Gene Therapy

In the early 1970s, scientists proposed what they called "gene surgery" for treating inherited diseases caused by defective genes. In 1983, a group of scientists from Baylor College of Medicine in Houston, Texas, proposed that gene therapy could one day be a viable approach for treating Lesch-Nyhan disease, a rare neurological disorder. The scientists conducted experiments in which an enzyme-producing gene for correcting the disease was injected into a group of cells. The scientists theorized the cells could then be injected into people with Lesch-Nyhan disease.

As the science of genetics advanced throughout the 1980s, gene therapy gained an established foothold in the minds of medical scientists as a viable approach to treatments for specific diseases. However, its promises were more than what it could deliver. One of the major impetuses in the growth of gene therapy was an increasing ability to identify the genetic abnormalities that cause inherited diseases. Interest grew as further studies showed that specific genetic defects in one or more genes occurred in successive generations of certain family members who suffered from diseases like intestinal cancer, manic-depression, Alzheimer disease, heart disease, diabetes, and many more. Although the genes may not be the sole cause of the disease in all cases, they may make certain individuals more susceptible to developing the disease because of environmental influences, such as smoking, pollution, and stress. In fact, many scientists believe that all diseases have a genetic component.

On September 14, 1990, a four-year old girl suffering from a genetic disorder that prevented her body from producing a crucial enzyme became the first person to undergo gene therapy in the United States. Since her body could not produce adenosine deaminase (ADA), she had a weakened immune system, making her extremely susceptible to severe, life-threatening infections. W. French Anderson and colleagues at the National Institutes of Health's Clinical Center in Bethesda, Maryland, took white blood cells (which are crucial for proper immune system functioning) from the girl, inserted ADA producing genes into them, and then transferred the cells back into the patient. Although the young girl continued to show an increased ability to produce ADA, debate arose as to whether the improvement resulted from the gene therapy or from an additional drug treatment she received.

Nevertheless, a new era of gene therapy began as more and more scientists sought to conduct clinical trials in this area. In that same year, gene therapy was tested on patients suffering from melanoma (skin cancer). The goal was to help them produce antibodies (disease fighting substances in the immune system) to battle the cancer.

These experiments have spawned a growing number of attempts to refine develop new gene therapies. For example, gene therapy for cystic fibrosis, a disease that affects the airways, is being developed. However, due to the complications involved in penetrating the natural barriers that impedes viral entry into the airways, it is unlikely that currently used vectors for cystic fibrosis gene therapy represent a plausible approach. Modifications of these vectors by adding compounds that naturally bind to areas on the outermost membranes of the lung and gain entrance into these tissues are currently being investigated. Another approach was developed for treating brain cancer patients, in which the inserted gene was designed to make the cancer cells more likely to respond to drug treatment. Additionally, gene therapy for patients suffering from artery blockage, which can lead to strokes, that induces the growth of new blood vessels near clogged arteries improving normal blood circulation is also being investigated.
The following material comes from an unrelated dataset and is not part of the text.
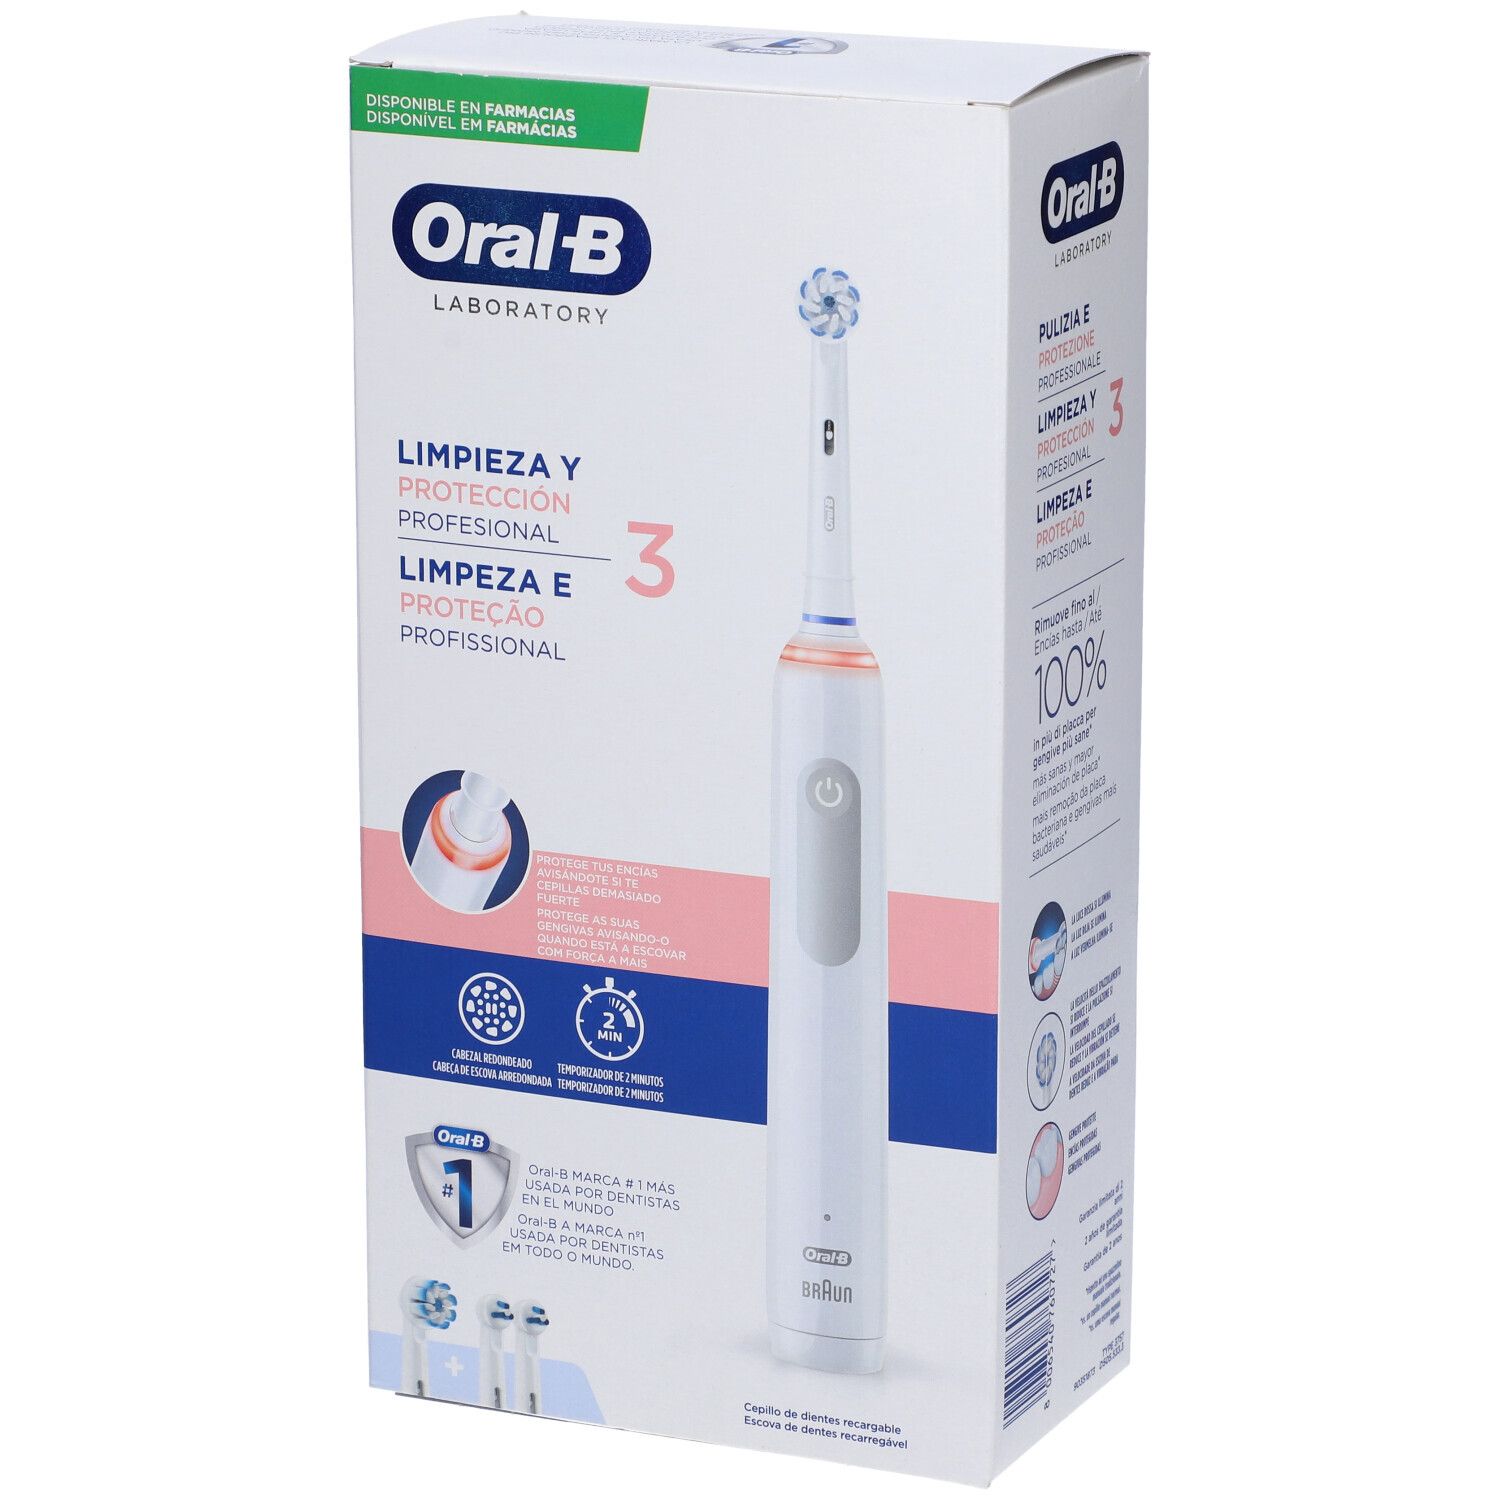 Oral-b Pro 3 Laboratory Spazzolino Elettrico + 2 Refill

In the United States, both DNA-based (in vivo) treatments and cell-based (ex vivo) treatments are being investigated. DNA-based gene therapy uses vectors (like viruses) to deliver modified genes to target cells. Cell-based gene therapy techniques remove cells from the patient, which are genetically altered and then reintroduce them to the patients body. Presently, gene therapies for the following diseases are being developed: cystic fibrosis (using adenoviral vector), HIV infection (cell-based), malignant melanoma (cell-based), kidney cancer (cellbased), Gaucher's Disease (retroviral vector), breast cancer (retroviral vector), and lung cancer (retroviral vector).

The medical has contributed to transgenic research that is supported by government funding. In 1991, the U.S. government provided $58 million for gene therapy research, with increases of $15-40 million dollars a year over the following four years. With fierce competition over the promise of major medical benefit in addition to huge profits, large pharmaceutical corporations moved to the forefront of transgenic research.